Coronavirus Business Interruption Insurance Legislation Update
Coronavirus Business Interruption Insurance Legislation Update
Business interruption insurance can be a valuable tool for companies who experience significant reductions in their business due to unforeseen circumstances. While this type of insurance generally does not garner much attention, the COVID-19 pandemic has trust business interruption insurance into the limelight. In most cases, this type of insurance is designed to help business owners in the event of a natural disaster. Under some business interruption insurance policies, business owners can also recover compensation in the event operations are ceased due to governmental orders. In light of this pandemic, in which both state and local authorities have issued quarantine and stay at home orders, we need to revisit what we know about how this insurance will work.
What is happening with business interruption insurance?
Soon after stay at home and quarantine orders began due to the COVID-19 pandemic, many insurers took the position that claims related to the virus were not covered. This was either because there was no physical damage to a business property or because the policy specifically excluded coverage for viral contamination.
In response to the insurance companies making these declarations, members of Congress began to ask insurers to cover COVID-19 losses under business interruption policies. Some state legislators around the country have also proposed legislation that would require insurers to cover COVID-19-related losses.
However, insurance companies have pushed back, claiming that forcing them to cover these claims could lead to their insolvency. As of this writing, no laws have passed forcing insurers to cover COVID-19 claims.
What should business owners do?
Business owners should not wait to see how legislation plays out before making a claim under their business interruption policies. We recommend that all businesses submit any claims to their insurer as soon as possible so that an insurance carrier cannot deny a claim because it was not reported “promptly.”
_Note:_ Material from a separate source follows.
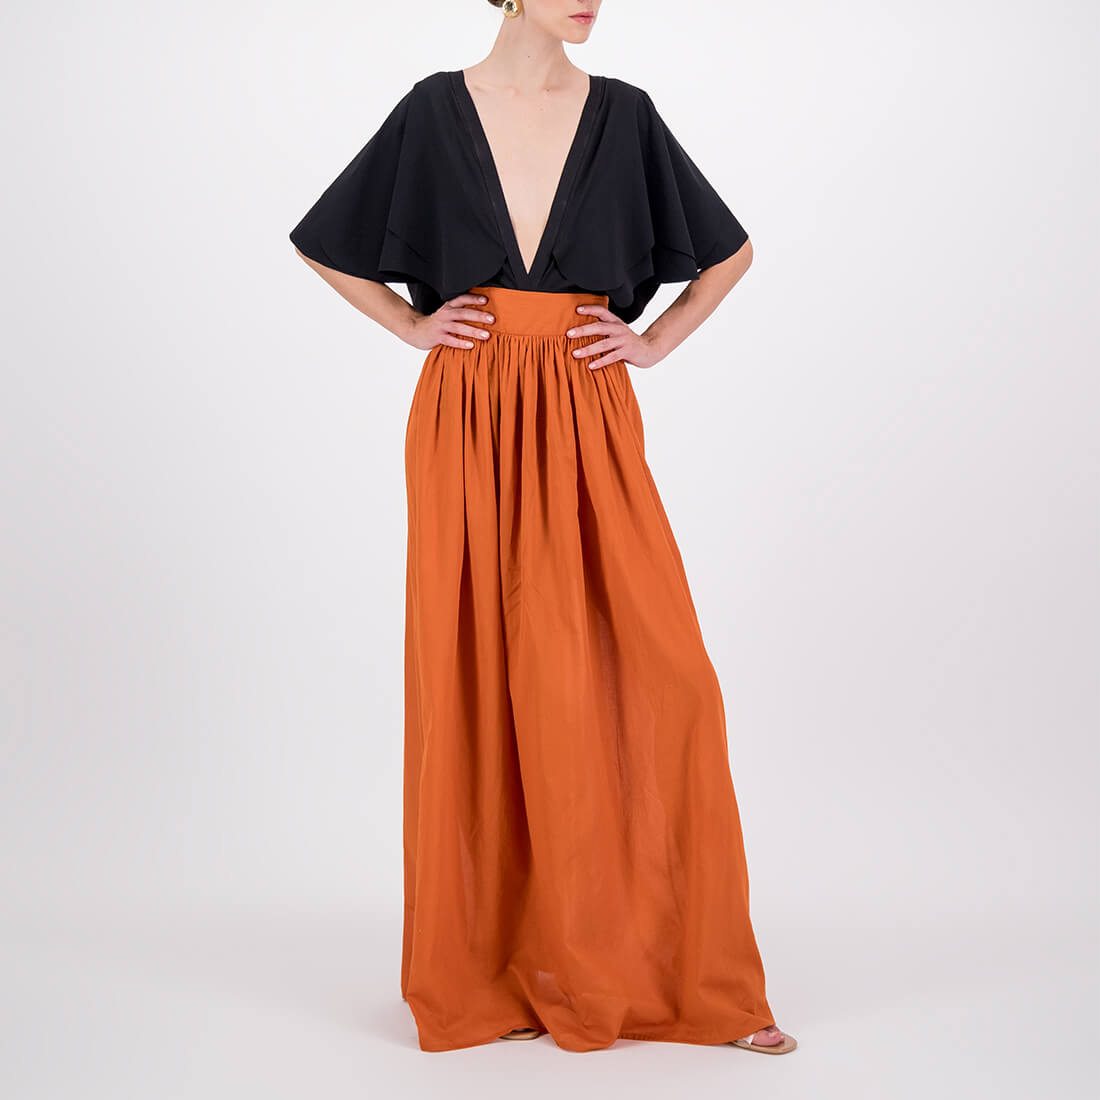 Full-length 100% cotton skirt 2

Business owners should also thoroughly review their insurance policies to see if they already have coverage for losses stemming from COVID-19. Some policies sold to businesses, particularly those in the restaurant in hospitality industries, may already address losses covered by viruses. Other policies may also have “event cancellation” coverage available to them.
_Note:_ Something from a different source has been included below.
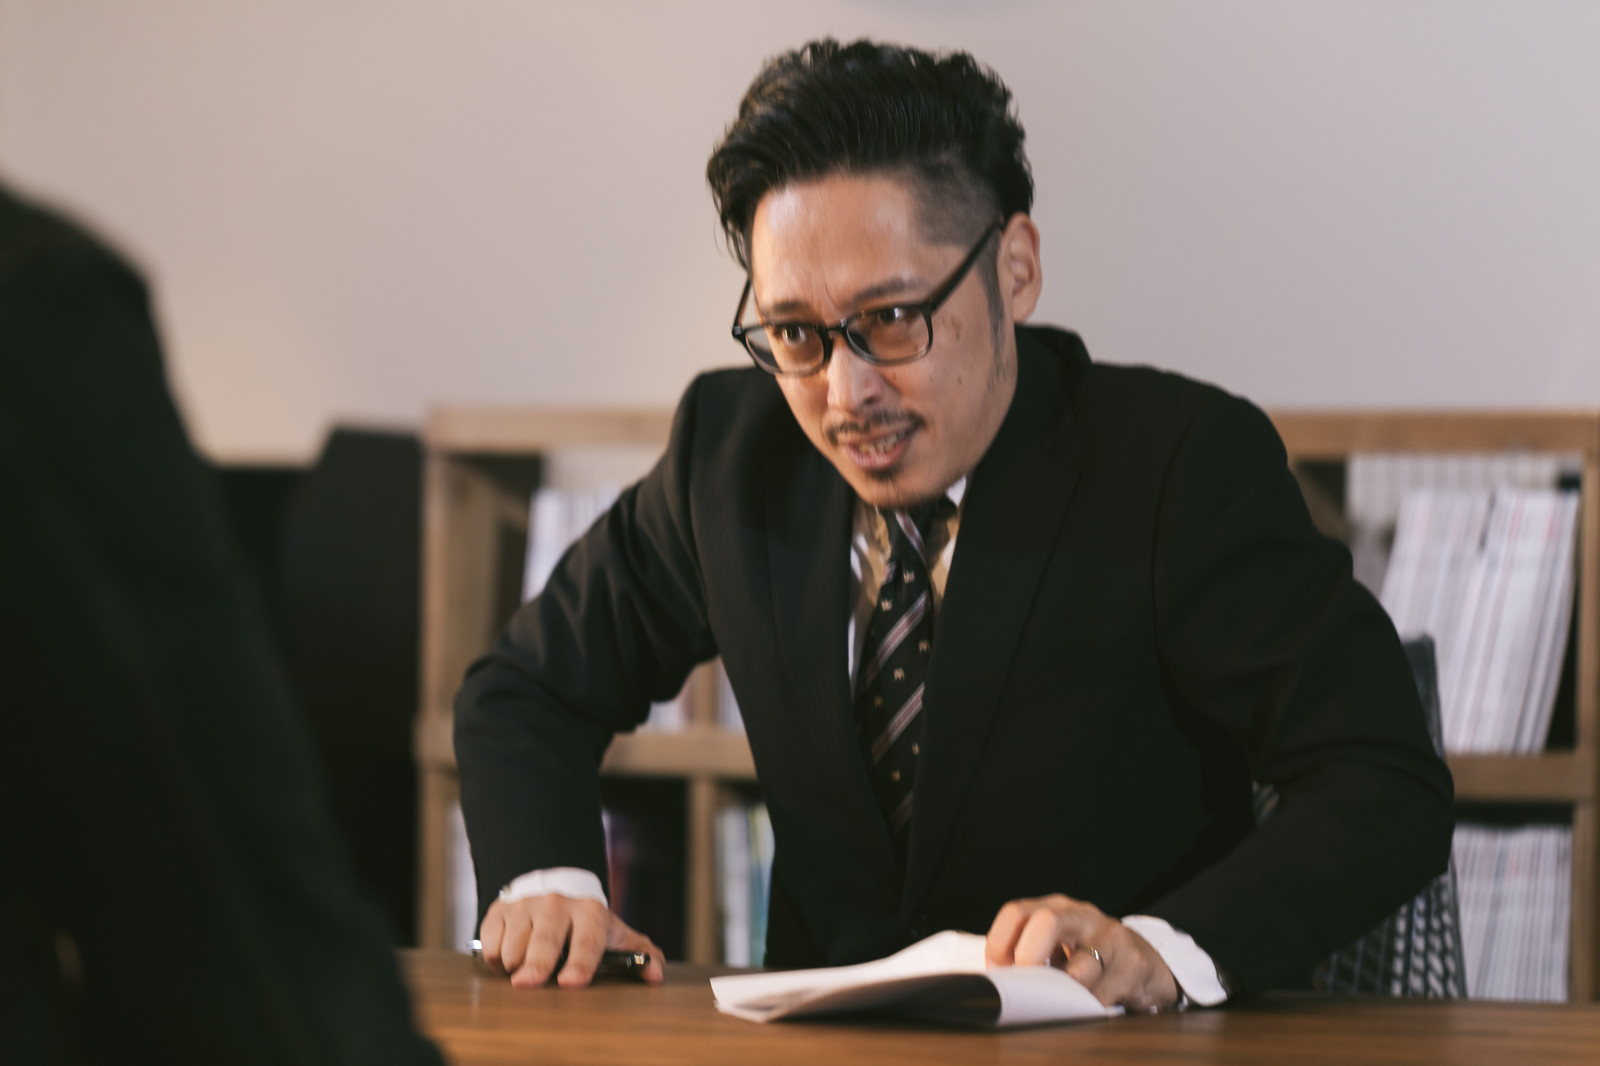 退職時の文句や嫌味、引き延ばしのや保留の打診を気にしてはだめ。辞めるとなったら辞める。

Many business owners across the state of California have filed lawsuits against insurance carriers, declaring that they are entitled coverage for losses resulting from the coronavirus pandemic. In most cases, the lawsuits allege that a civil authority (state or local), ordered their business to cease normal operations in an effort to prevent the spread of COVID-19. Some business owners have also claimed that potential COVID-19 contamination constitutes physical damage or loss per their policy coverage.
Businesses who have been affected by COVID-19 should certainly proceed forward with any insurance claims they believe cover losses they sustain during this pandemic. Barring any specific laws passed by state or federal authorities, whether or not a business receives coverage through their business interruption policy will likely revolve around the exact wording of the policy itself. Businesses In California are encouraged to seek assistance from an attorney with extensive knowledge of this type of policy coverage so the attorney can completely review the policy. In many cases, if the policy is worded ambiguously, the presumption is that the policyholder should be covered.
California Insurance Commissioner Ricardo Lara recently issued a notice requiring insurance companies and other California Department of Insurance licensees to fairly investigate all business interruption claims caused by COVID-19. As these claims proceed, our Orange County personal injury lawyers will have a better understanding of who is being covered and how state regulators will address this issue.